Algunos de los que le acusaron falsamente parecían arrepentidos. Se golpeaban el pecho sin que hubiese remedio para lo que acababan de hacer. Como veletas se habían dejado llevar por la euforia de la propuesta de Pilato: ¿A quién queréis que os suelte, a Jesús o a Barrabás? Y se habían decidido por el segundo.
Mientras le daban la espalda a la cruz y golpeaban sus pechos, buscaban un refugio interno para protegerse de sus malas decisiones.
Los que le habían tratado de cerca, atrapados por el miedo no sabían qué hacer. Ellos no habían apostado por Barrabás. Sin embargo, parecía que la jugada tampoco les había salido bien. En esos momentos ni seguían a uno ni tenían vivo al otro. Lo cierto era que, a partir de aquel suceso, no podrían vivir de la misma manera y debían tomar otras determinaciones, otras perspectivas diferentes a las que habían tenido horas antes con Jesús vivo.
Seguían sin entender. Estaban conmocionados. ¿Paralizados? No podían acercarse al cuerpo muerto ni se atrevían a huir. Miraban de lejos. Miraban distantes. Observaban inquietos a los que se alejaban con aspecto compungido.
Mas ya sabemos que golpearse el pecho no es siempre arrepentirse. No es siempre conversión. Puede ser remordimiento silencioso. Puede ser superstición. Miedo. Tanto unos como otros acababan de ser testigos de la muerte de un inocente y de un hecho milagroso. La tierra se oscureció. El velo del templo se rasgó.
No obstante, no basta con presenciar los hechos, con conocer lo ocurrido.
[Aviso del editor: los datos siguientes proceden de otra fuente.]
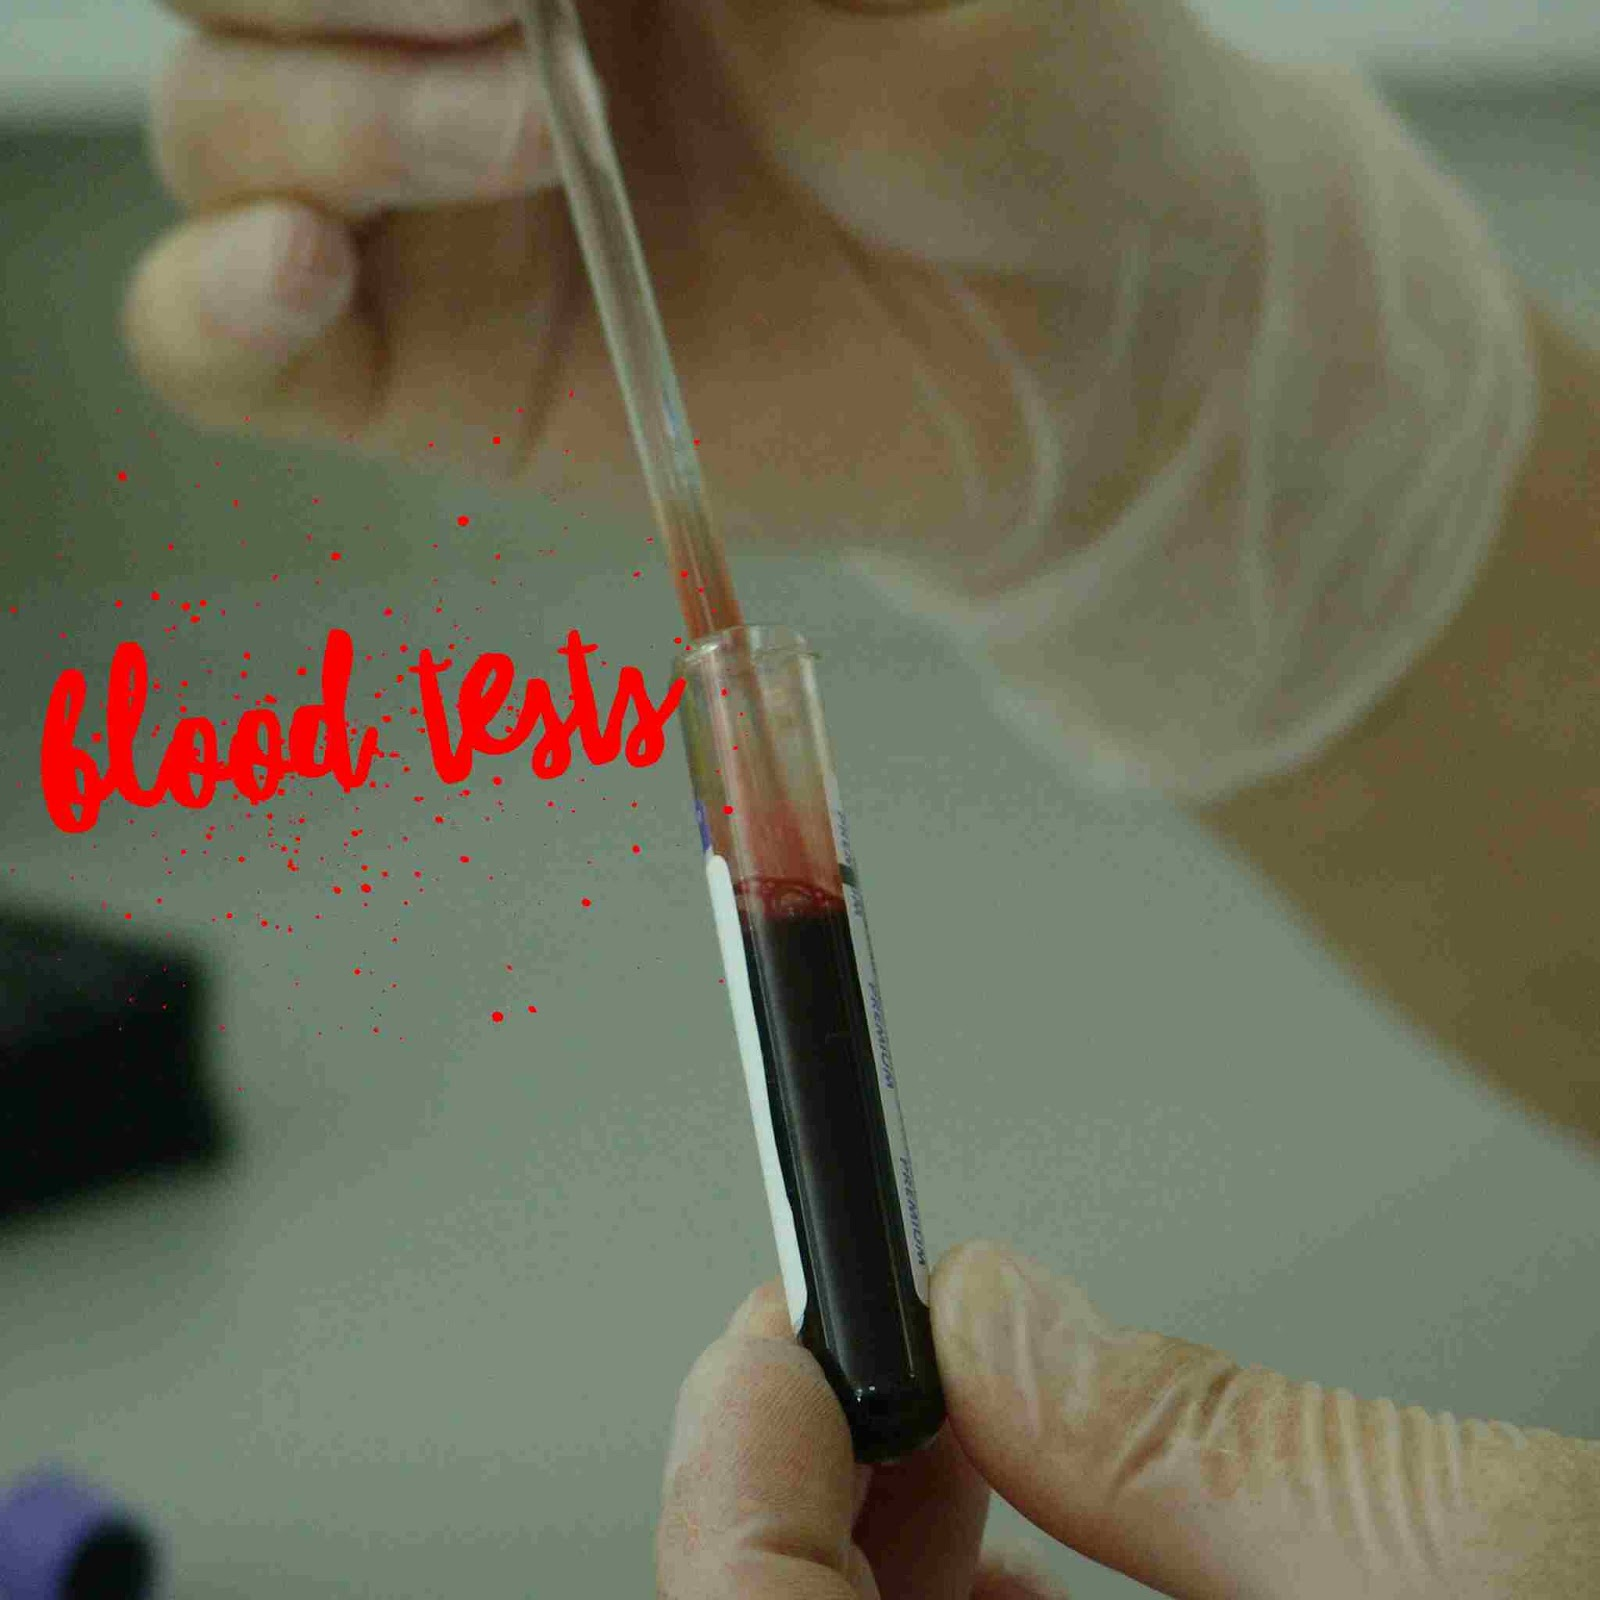 Laboratory blood studies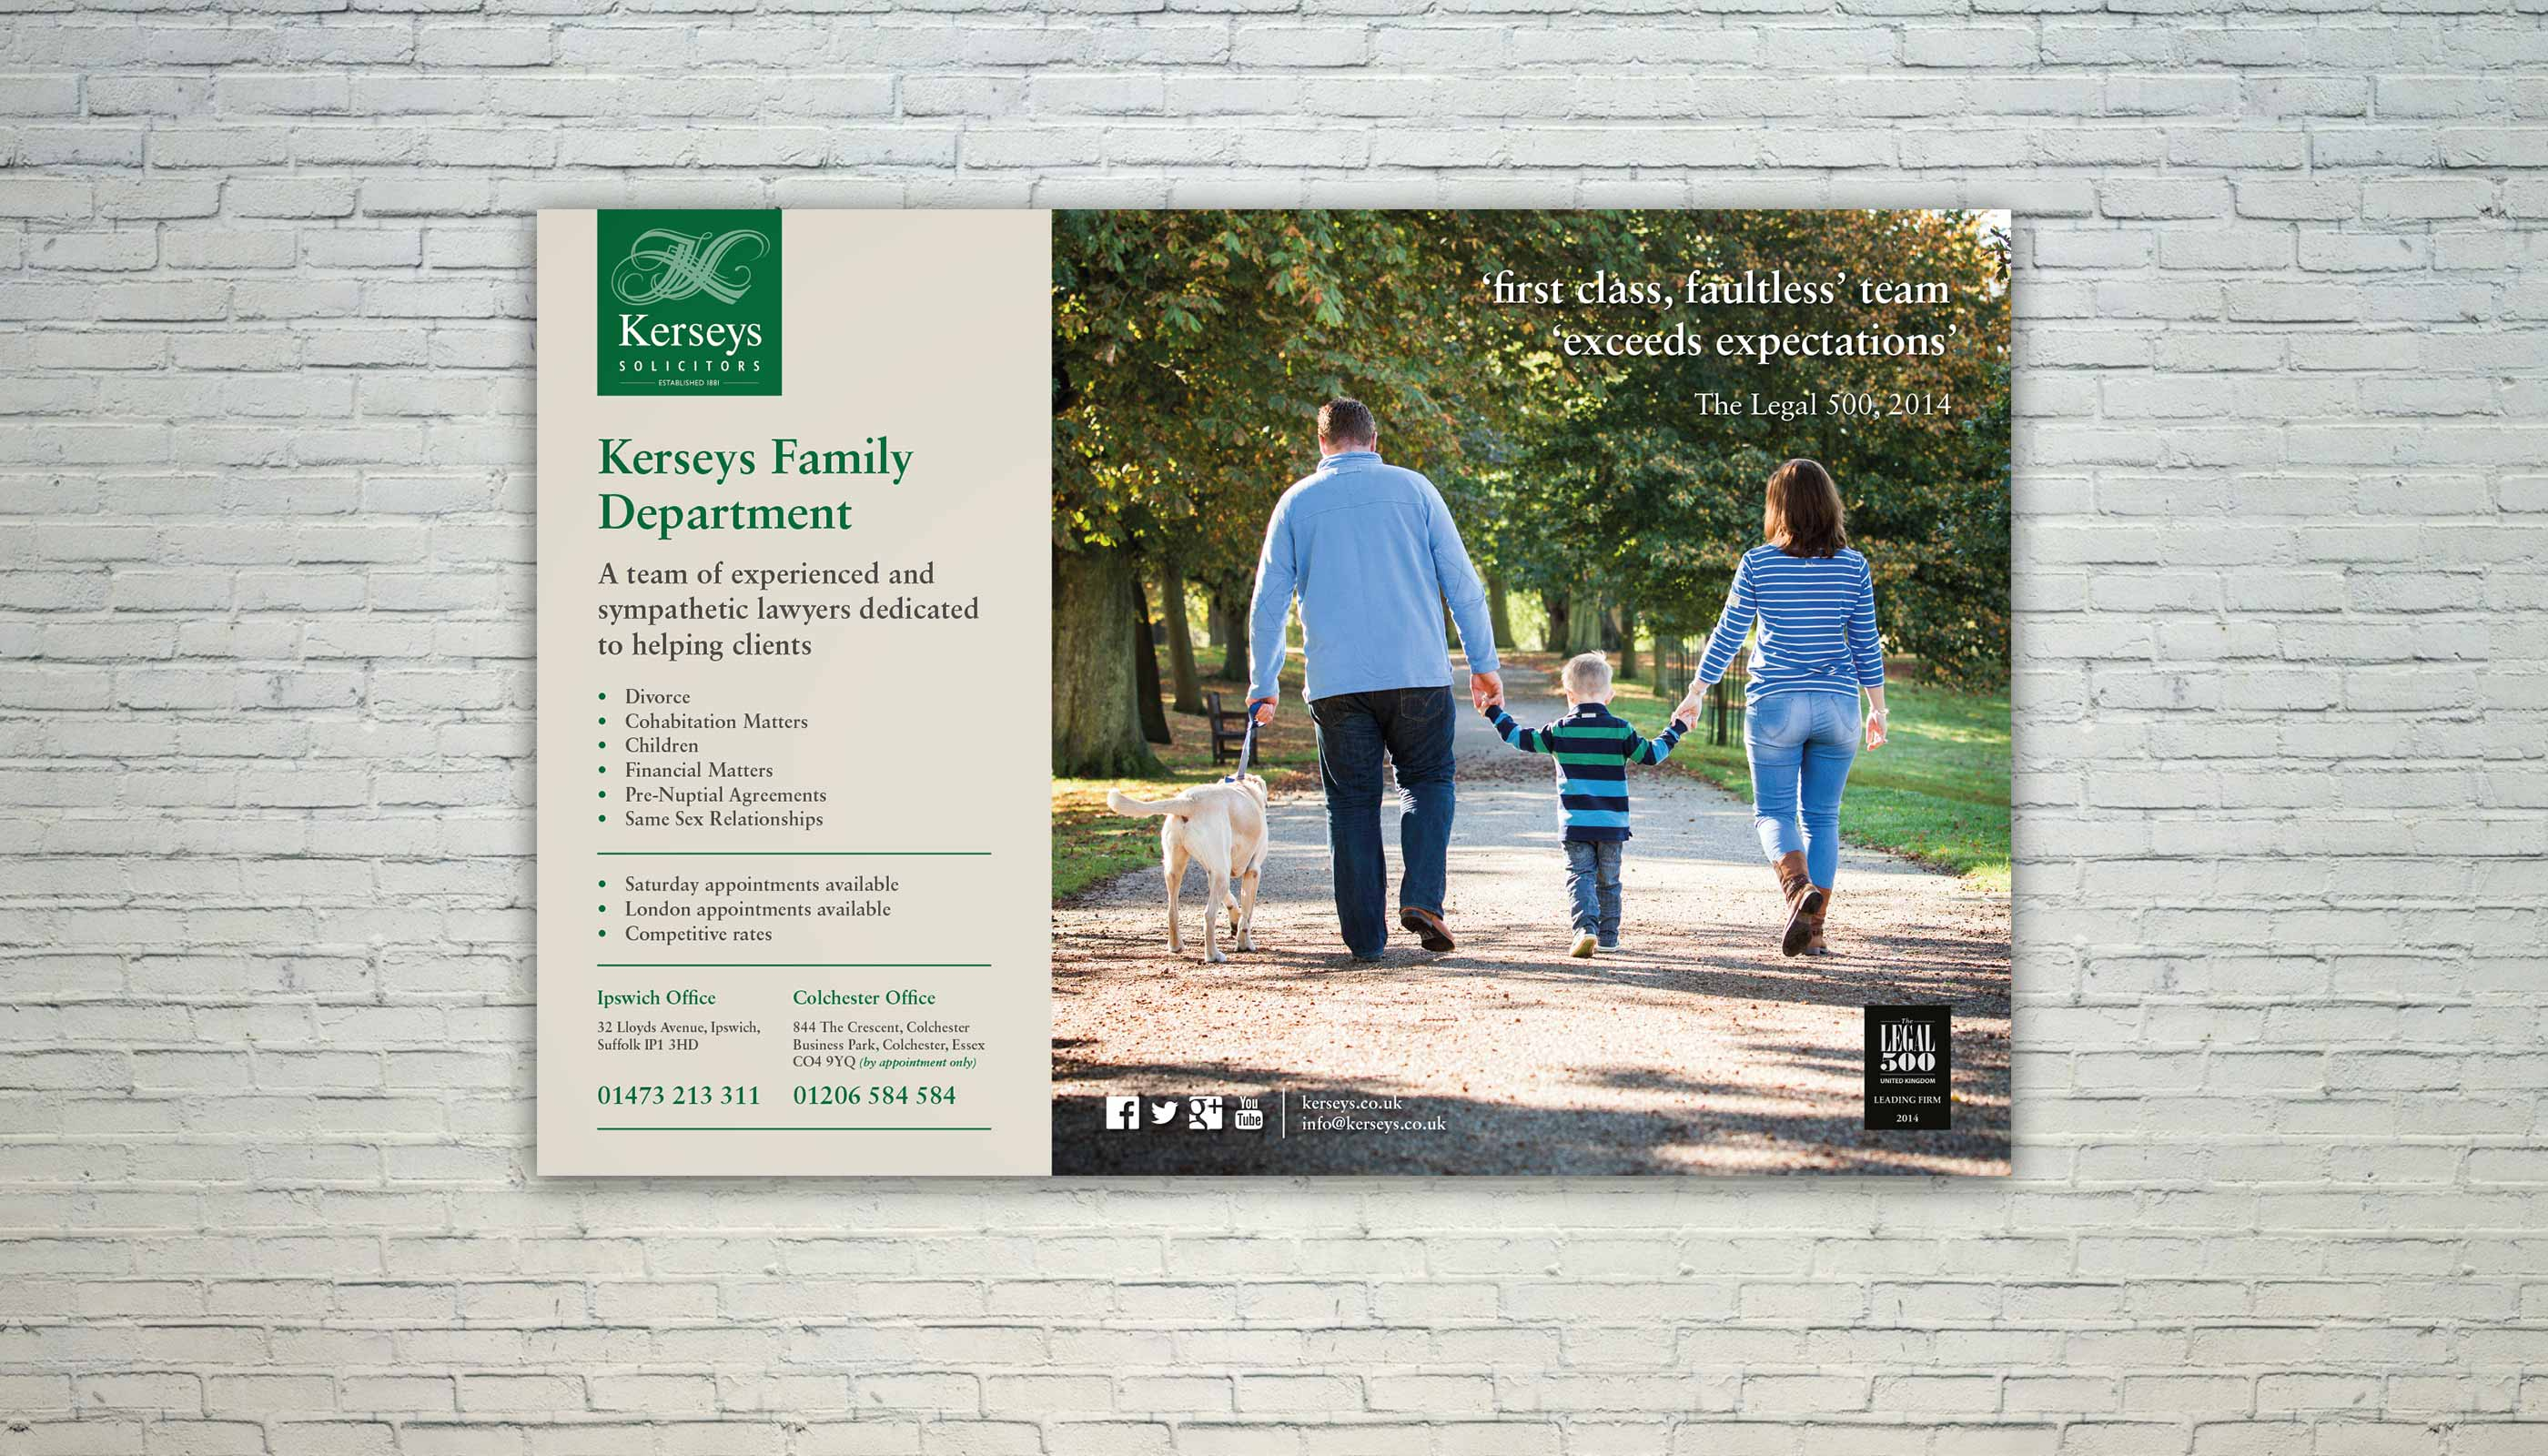 Train poster advert design for Kerseys Solicitors in Ipswich, Suffolk.

No basta con pormenorizar después los detalles al contarlos. Basta con tomar una decisión positiva y firme. Una decisión que no tenga marcha atrás, como tampoco la tuvo Jesús, quien nos trajo las buenas nuevas del evangelio y se mantuvo adelante en ellas hasta su muerte.
Hay dos maneras de mirar la cruz: permanecer junto a Jesús esperando su resurrección, o regresar con la multitud que va errante, como testigo del acontecimiento salvador, sintiéndose excluidos de la redención.
¿Eres tú uno de esos caminantes que saltan de espectáculo en espectáculo, viviendo momentos que apenas te marcan antes de seguir tu marcha hacia ninguna parte?
¿Todavía no crees que hay que detenerse? Reflexiona ante Jesús, el camino para la resurrección. Tienes que detenerte aunque el mundo gire y dé vueltas y más vueltas perdido dentro de su órbita.
Párate. Párate ante Dios y serás testigo de su redención, de su resurrección, también la tuya.
Conocer más de Jesús nos abre los ojos. No hay caminos que recorrer sin él, estando ante su presencia, de su mano. Expectantes.